Organ-on-a-chip Biosensor Mimics Human Body for Drug Development
A synthetic biosensor that mimics properties found in cell membranes and provides an electronic readout of activity could lead to a better understanding of cell biology, the development of new drugs, and the creation of sensory organs on a chip capable of detecting chemicals, similar to how noses and tongues work.
A study published in the Synthetic Biology journal of the American Chemical Society describes the technology that allows the studying of body proteins in ways that would be incredibly impossible with current technology.
‘New Organ-on-a-chip biosensor opens the door to researchers for disease modeling, drug development, and personalized medicine.’
The bioengineering feat uses synthetic biology to recreate a cell membrane and its embedded proteins, which are gatekeepers of cellular functions. A conducting sensing platform allows for an electronic readout when a protein is activated. Being able to test if and how a molecule reacts with proteins in a cell membrane could generate a great many applications.
But embedding membrane proteins into sensors had been notoriously difficult until the study's authors combined bioelectronic sensors with a new approach to synthesize proteins.
Proteins within cell membranes serve many important functions, including communicating with the environment, catalyzing chemical reactions, and moving compounds and ions across the membranes.
When a membrane protein receptor is activated, charged ions move across a membrane channel, triggering a function in the cell. For example, brain neurons or muscle cells fire when cues from nerves signal charged calcium-ion channels to open.
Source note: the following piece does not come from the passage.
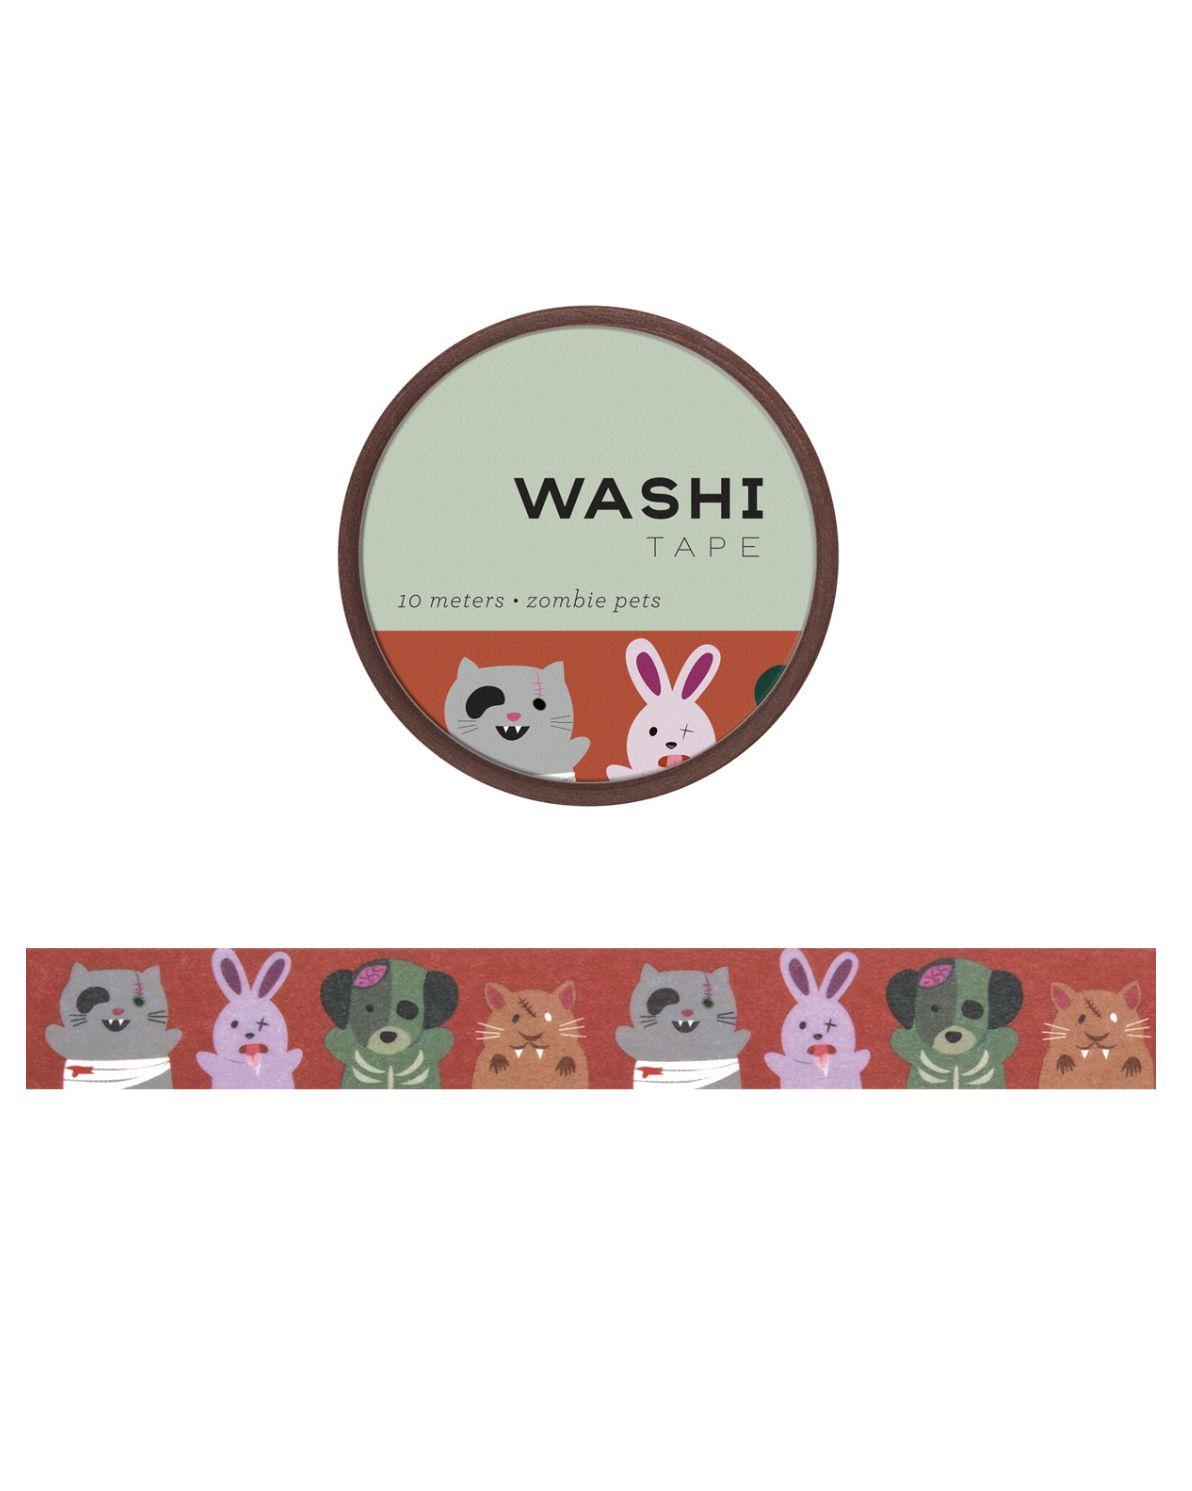 Washi tape - Zombie Pets

Organ-on-a-chip Biosensor Achieves the Human Avatar in Silicon
The researchers have created a biosensor that starts with a conducting polymer, which is soft and easy to work with, on top of a support that acts together as an electric circuit that is monitored by a computer. A layer of lipid (fat) molecules, which forms the membrane, lies on top of the polymer, and the proteins of interest are placed within the lipids.In this proof of concept, the researchers have created a cell-free platform that allowed them to synthesize a model protein directly into this artificial membrane. The system has a dual readout technology built in.
Since the components of the sensor are transparent, researchers can use optical techniques, such as engineering proteins that fluoresce when activated, which allows scientists to study the fundamentals via microscope, and observe what happens to the protein itself during a cellular process.
Currently, researchers have used proteins grown and extracted from living cells for similar applications, but given this advance, users won't have to grow proteins in cells and then harvest and embed them in the membrane platform. Instead, they can synthesize them directly from DNA, the basic template for proteins.
Coming of Age of organ-on-a-chip Technology
With such a system, a drug chemist interested in a particular protein implicated in disease might flow potentially therapeutic molecules across that protein to see how it responds. Or a scientist looking to create an environmental sensor could place on the platform a particular protein that is sensitive to a chemical or pollutant.Researchers may now take the proteins that are activated when we smell something and translate the results into this electronic system to sense things that might be undetectable with a chemical sensor.